The output is the line containing "[sql study note]" plus every later line down to the end of the listing below, copied exactly. No pictures belong in it.

# [Dataset excerpt]
BEGIN
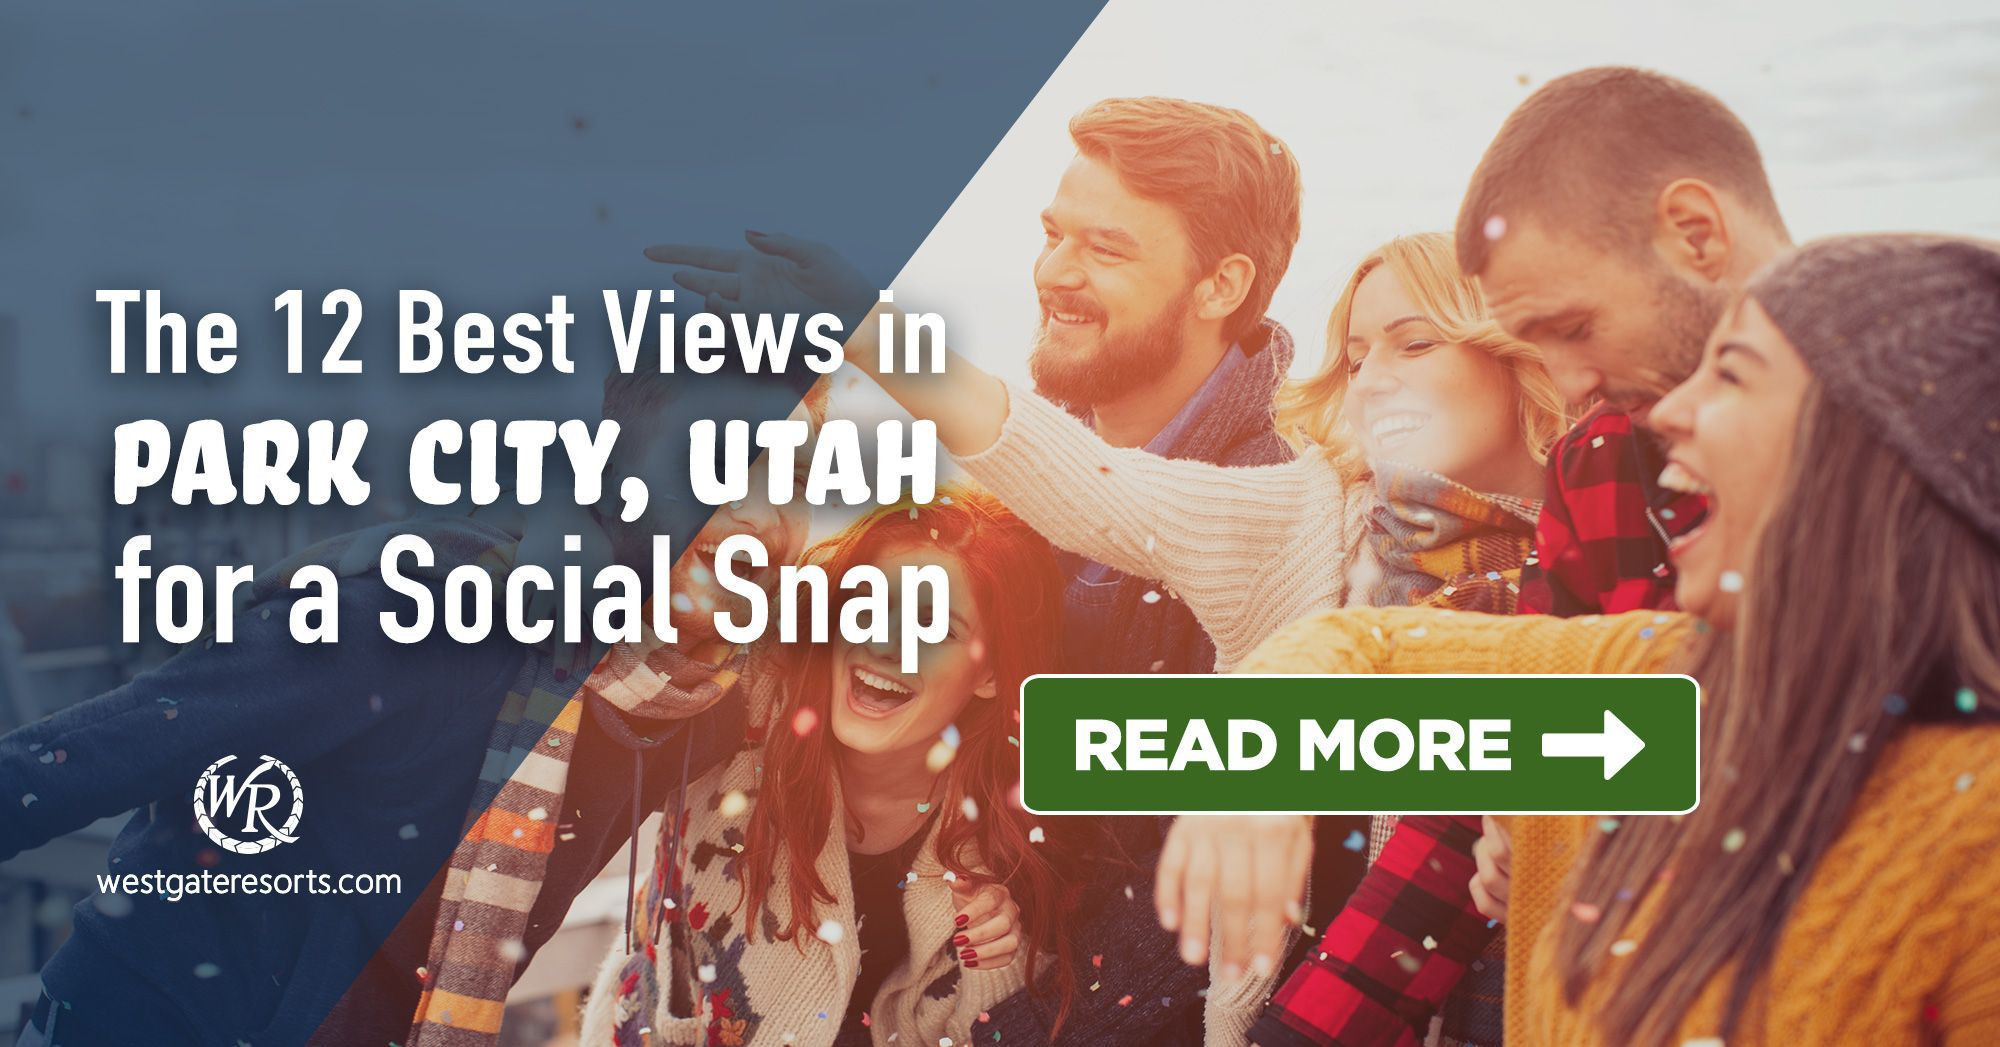 The 12 Best Views in Park City, Utah for a Social Snap
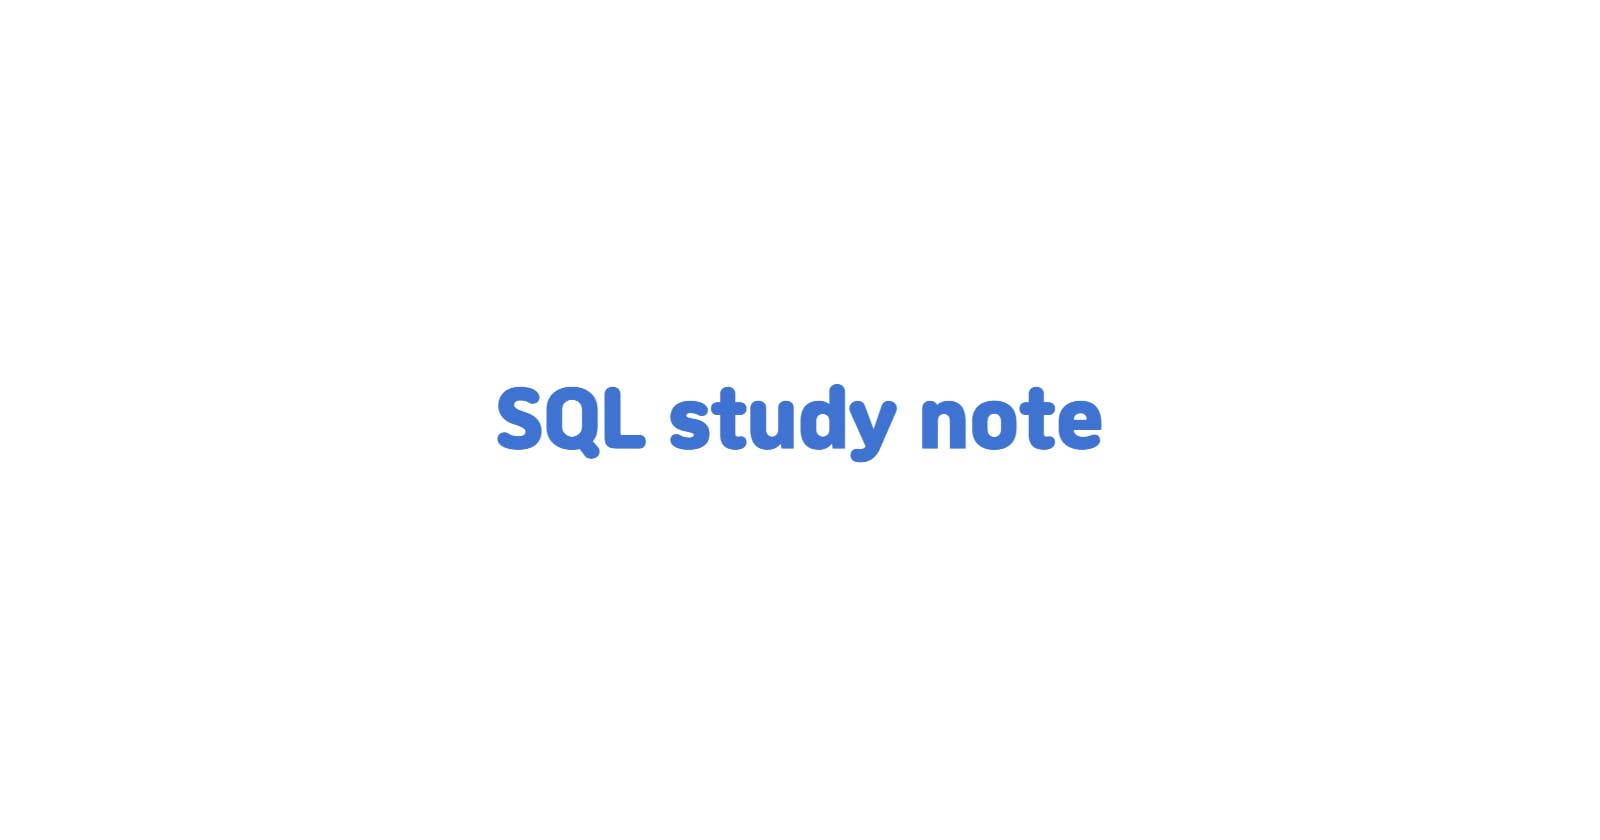 [sql study note] replace, substring, concat, if, case, cast
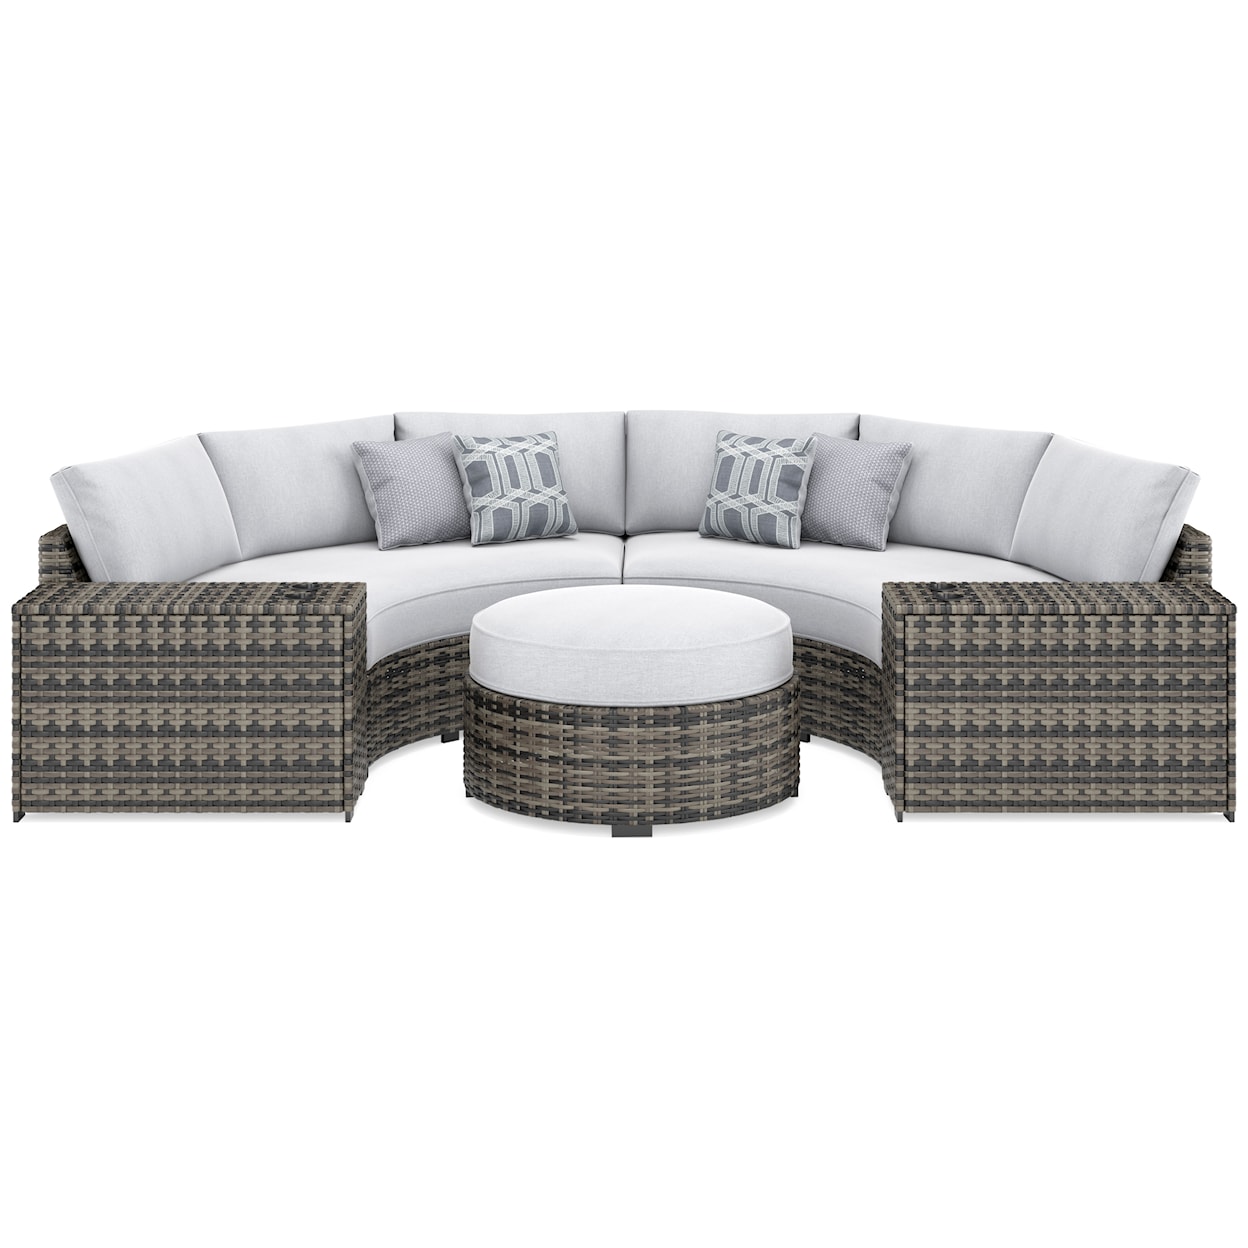 Michael Alan Select Harbor Court 4-Piece Outdoor Sectional
END
# [Answer]
 [sql study note] replace, substring, concat, if, case, cast
 Michael Alan Select Harbor Court 4-Piece Outdoor Sectional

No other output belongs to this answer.